Now, change pandas DataFrame to Koalas DataFrame:

Kdf = ks.from_pandas (pdf) type (kdf) databricks.koalas.frame.DataFrame

It looks almost the same as pandas DataFrame.

More routines: https://koalas.readthedocs.io/en/latest/getting_started/10min.html

3. The conversion between pandas and dataframe

Pandas, dataframe and koalas can be converted into each other. Note that the conversion efficiency between pandas and dataframe is low, and the native interface of pandas is standalone, so it is recommended to use Koalas.

3.1 pandas's dataframe to spark's dataframefrom pyspark.sql import SparkSession# initialization spark session spark = SparkSession\ .builder\ .getOrCreate () spark_df = spark.createDataFrame (pandas_df) 3.2 spark's dataframe to pandas's dataframeimport pandas as pdpandas_df = spark_df.toPandas ()

Since pandas is a stand-alone version, that is, toPandas () is a stand-alone version, refer to breeze_lsw and change it to a distributed version:

Import pandas as pddef _ map_to_pandas (rdds): return [pd.DataFrame (list (rdds))] def topas (df N_partitions=None): if n_partitions is not None: df = df.repartition (n_partitions) df_pand = df.rdd.mapPartitions (_ map_to_pandas). Collect () df_pand = pd.concat (df_pand) df_pand.columns = df.columnsreturn df_pand pandas_df = topas (spark_df) these are all the contents of the article "sample Analysis of pandas support and its conversion to DataFrame in Spark 3.0" Thank you for reading! I believe we all have a certain understanding, hope to share the content to help you, if you want to learn more knowledge, welcome to follow the industry information channel!
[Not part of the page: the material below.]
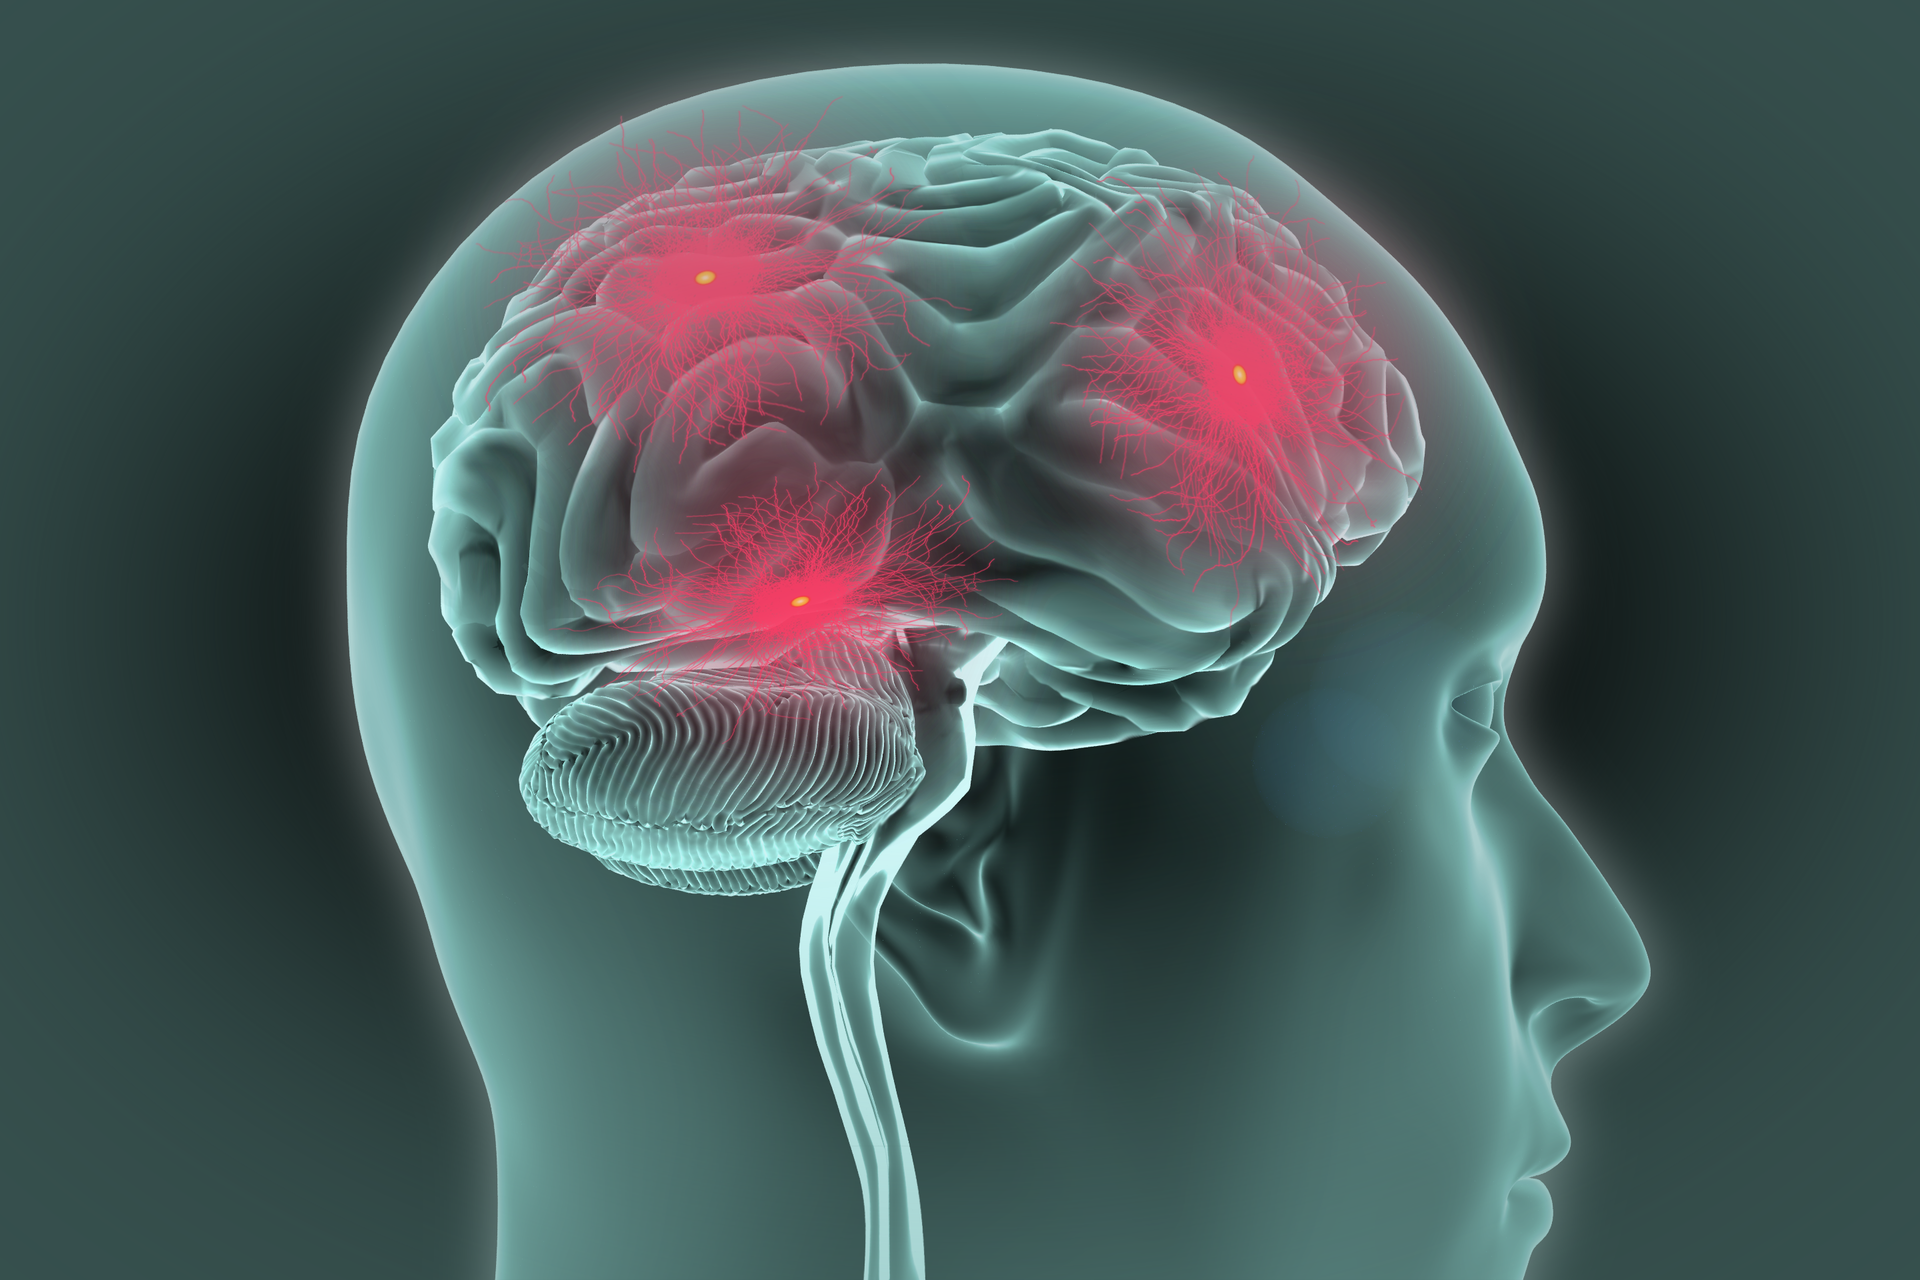 Grafika komputerowa przedstawia ludzką głowę z profilu i naniesiony na nią obraz mózgu. Twarz postaci jest skierowana w prawo. Na powierzchni mózgu można zauważyć liczne pofałdowania, znacznie liczniejsze i drobniejsze w tylnej dolnej części, czyli tak zwanym móżdżku. Na powierzchni mózgu znajdują się trzy czerwone punkty wskazujące miejsca wyładowań elektrycznych w komórkach nerwowych. Miejsca te przypominają wierzchołki trójkąta. Punkt po prawej znajduje się w płacie czołowym. Punkt drugi mieści się nad uchem. Trzeci punkt usytuowano w górnej części mózgu.

Welcome to subscribe "Shulou Technology Information " to get latest news, interesting things and hot topics in the IT industry, and controls the hottest and latest Internet news, technology news and IT industry trends.

*The comments in the above article only represent the author's personal views and do not represent the views and positions of this website. If you have more insights, please feel free to contribute and share.